▶ [Data shown]
- - -
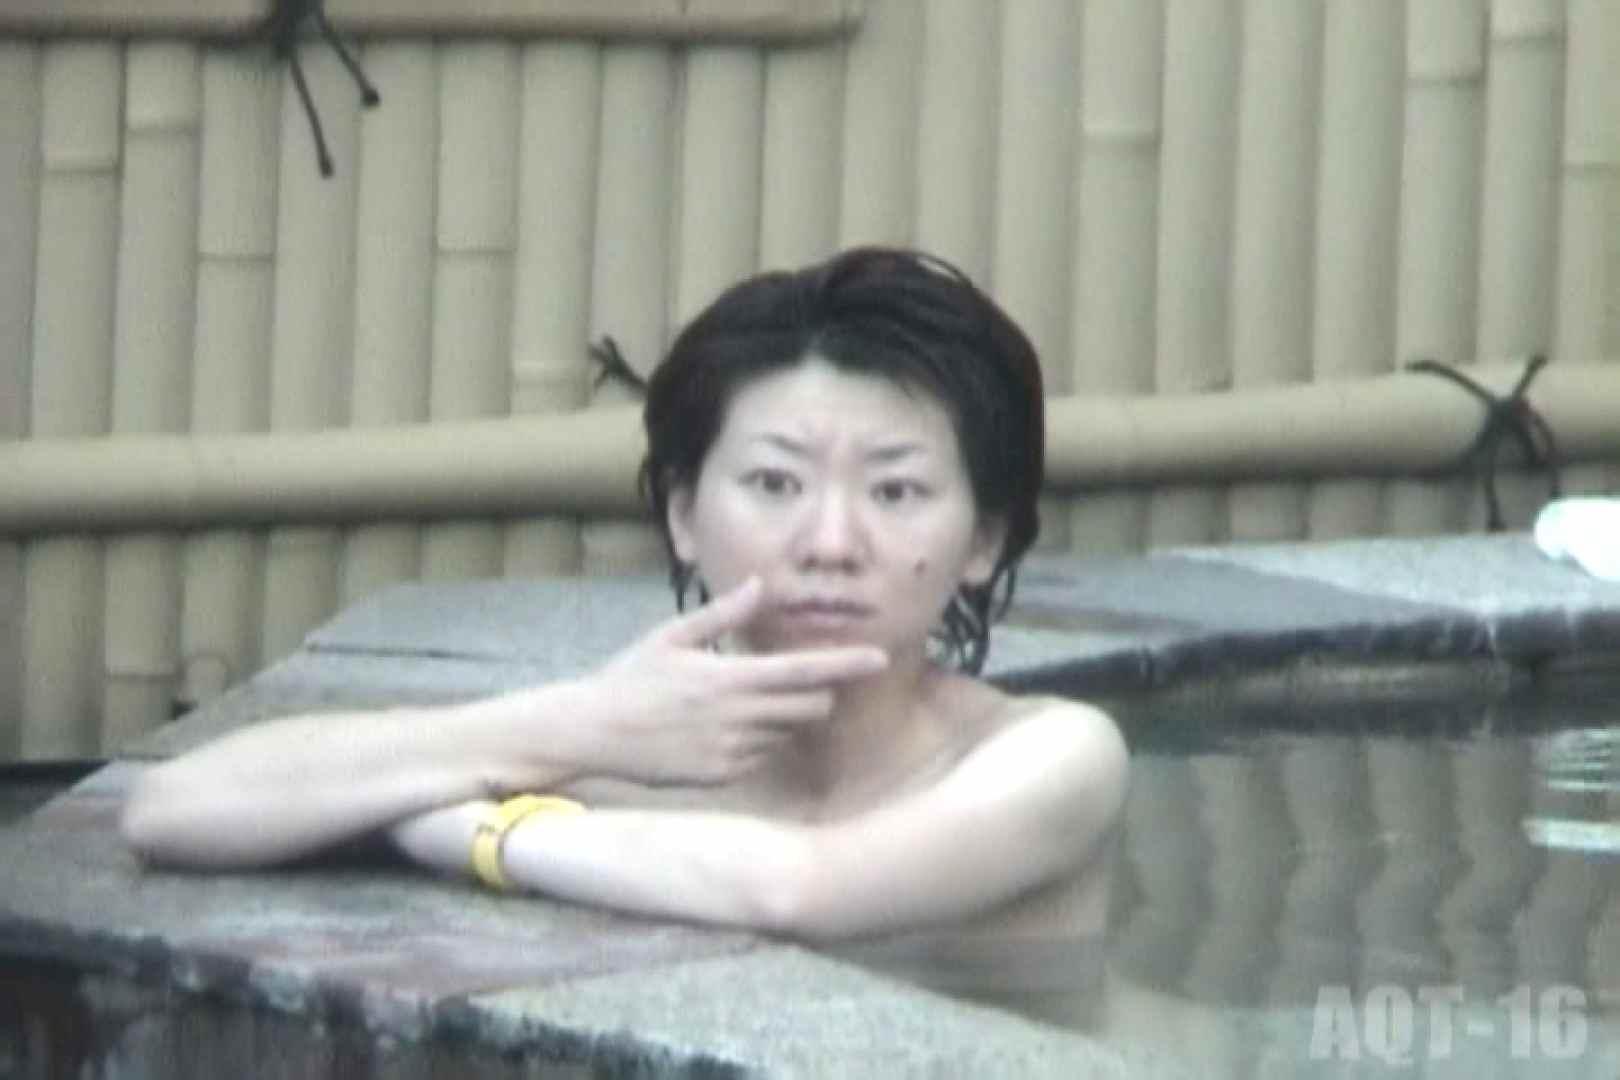 Aquaな露天風呂Vol.842 露天風呂突入 AV動画キャプチャ 96pic 92
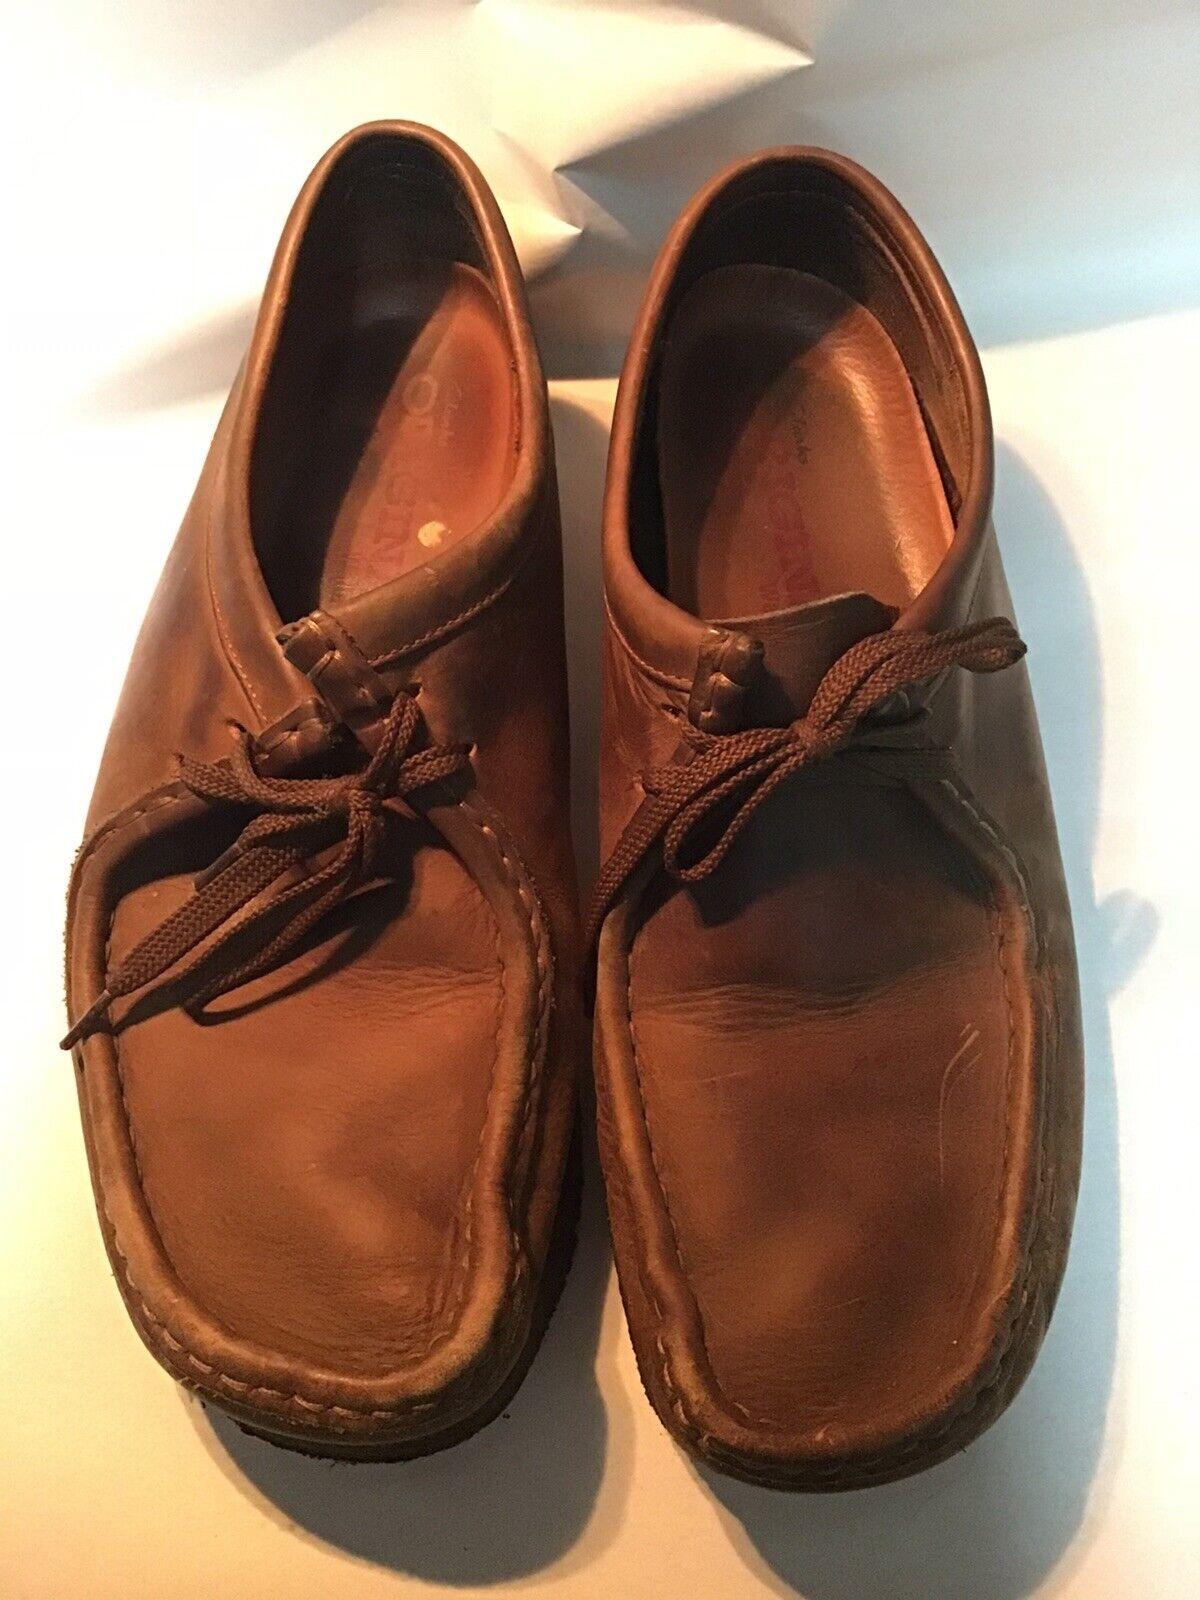 Clarks Originals Wallabee Hommes's  marron cuir chaussures Taille 10 1 2 M
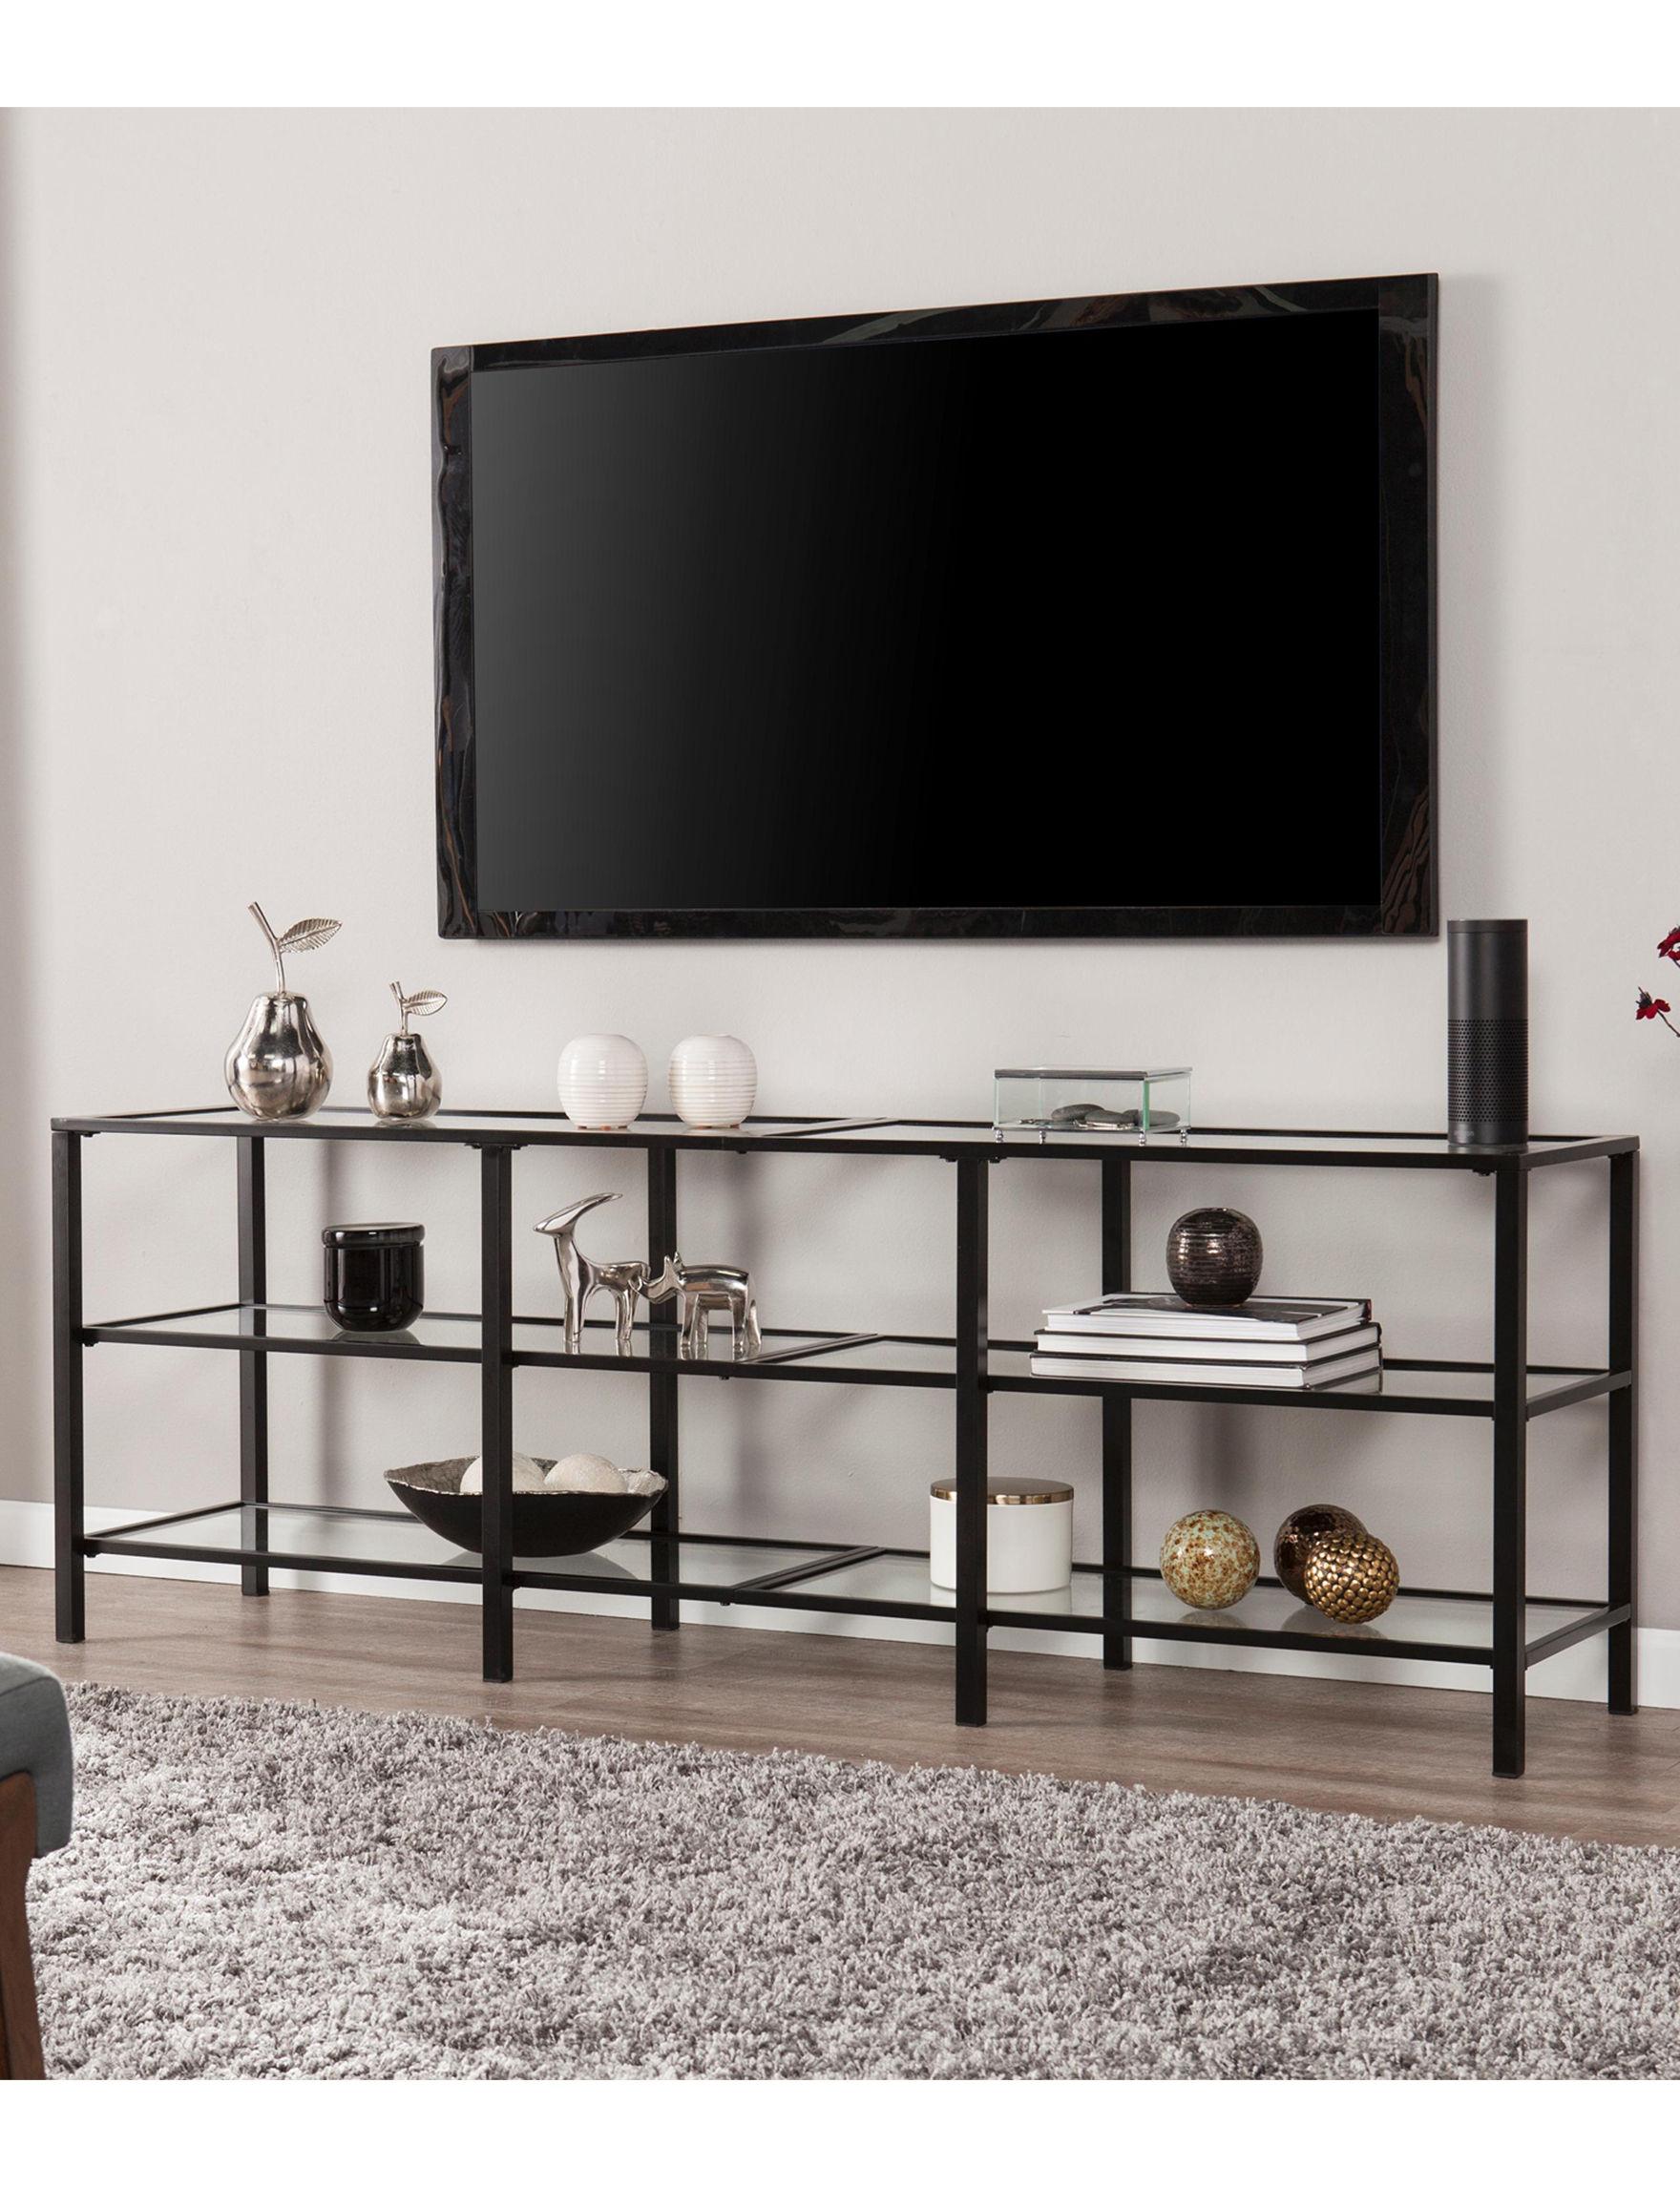 Southern Enterprises Black TV Stands & Entertainment Centers Game Room Living Room Furniture
- - -
▶ [Task goal] Write the lines above out again exactly, excluding every picture.

▶ [Task output]
 Aquaな露天風呂Vol.842 露天風呂突入 AV動画キャプチャ 96pic 92
 Clarks Originals Wallabee Hommes's  marron cuir chaussures Taille 10 1 2 M
 Southern Enterprises Black TV Stands & Entertainment Centers Game Room Living Room Furniture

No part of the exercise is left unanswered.